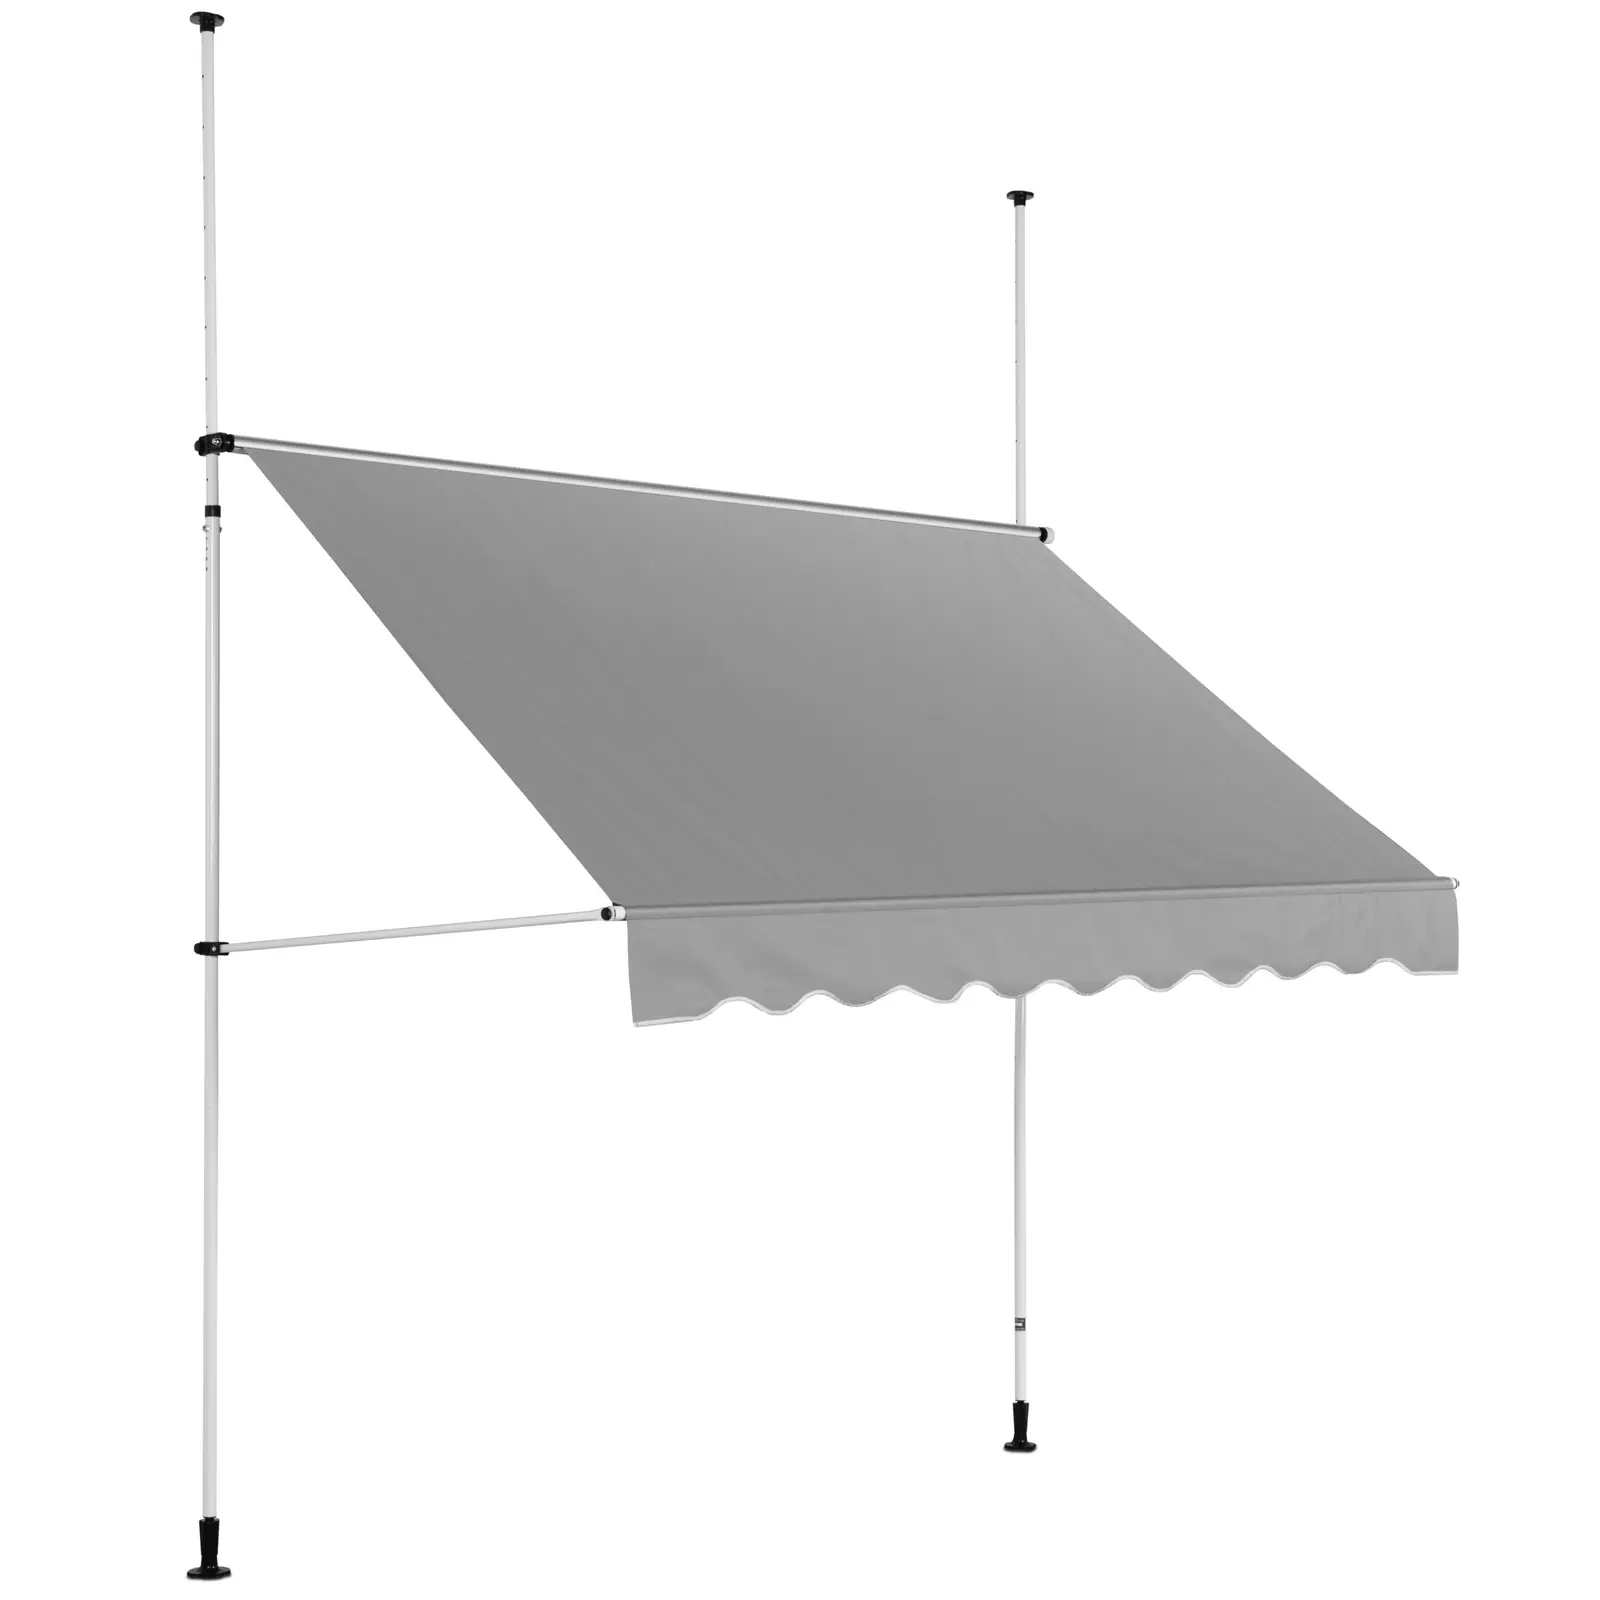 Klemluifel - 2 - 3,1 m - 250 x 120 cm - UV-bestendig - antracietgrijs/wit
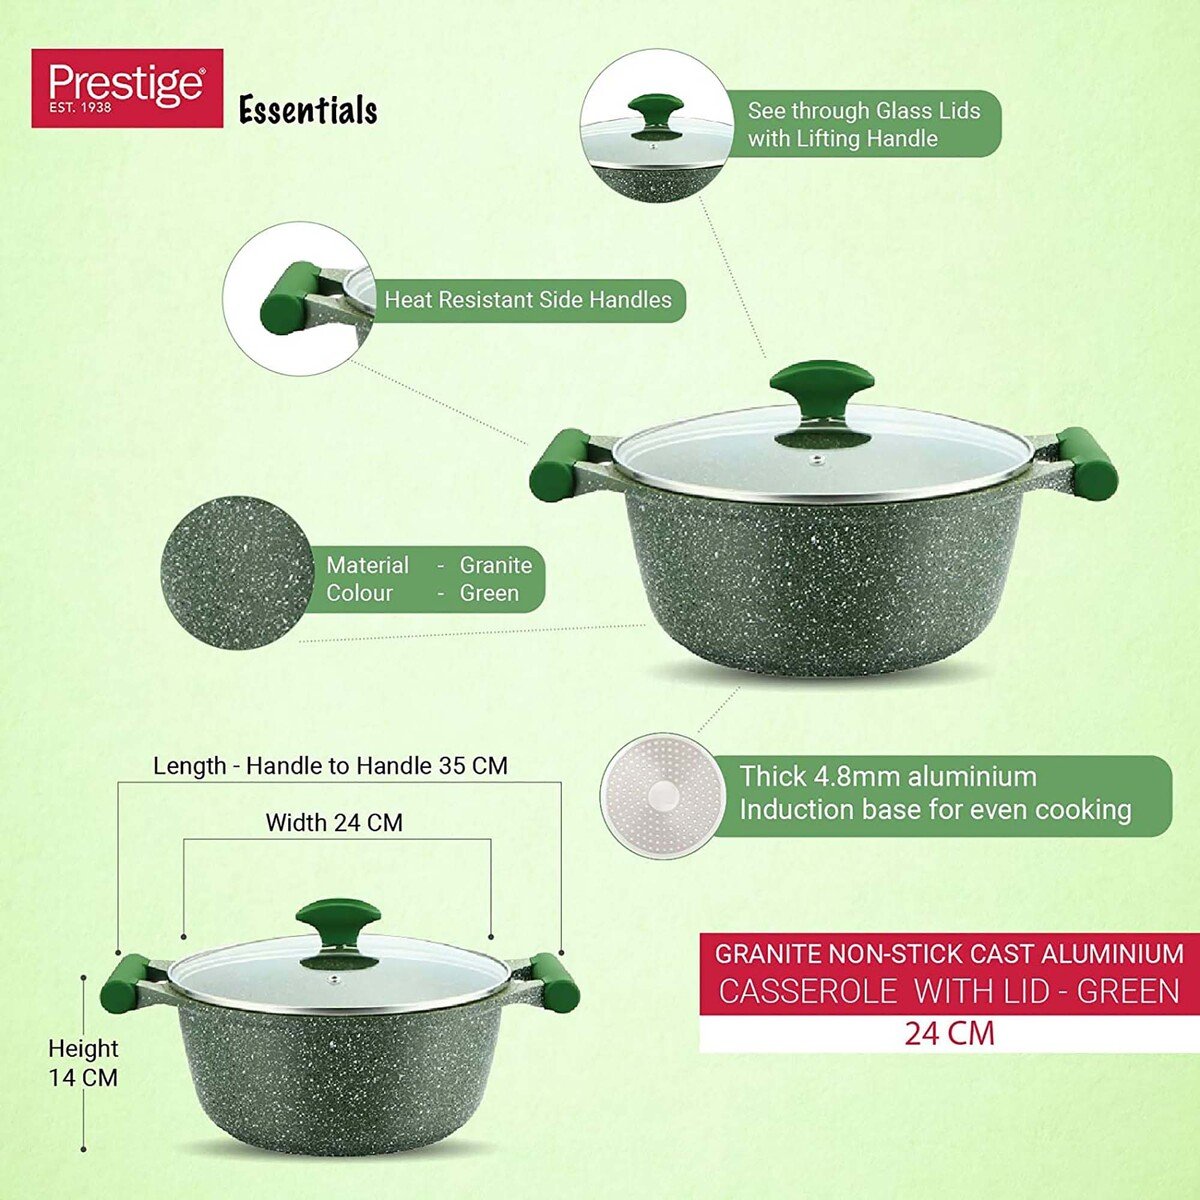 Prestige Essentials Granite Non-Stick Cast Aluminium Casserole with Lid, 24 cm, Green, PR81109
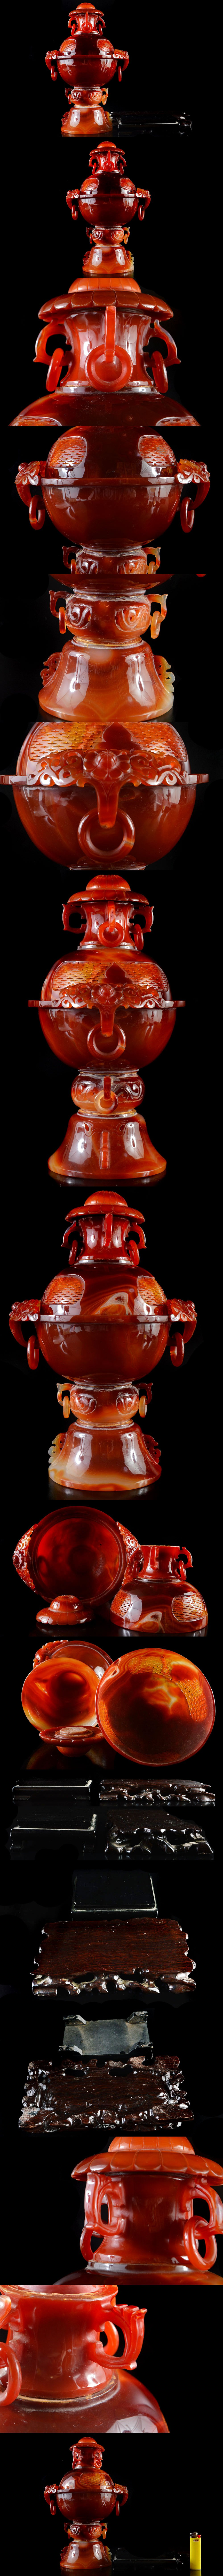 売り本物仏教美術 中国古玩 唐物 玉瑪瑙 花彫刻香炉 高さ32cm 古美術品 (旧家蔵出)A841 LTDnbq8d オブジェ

........

• PROBLEM DETAILS: With the images removed, reproduce all the material above word for word.

• ANSWER:
 Klemluifel - 2 - 3,1 m - 250 x 120 cm - UV-bestendig - antracietgrijs/wit
 Prestige Essentials Granite Non-Stick Cast Aluminium Casserole with Lid, 24 cm, Green, PR81109
 売り本物仏教美術 中国古玩 唐物 玉瑪瑙 花彫刻香炉 高さ32cm 古美術品 (旧家蔵出)A841 LTDnbq8d オブジェ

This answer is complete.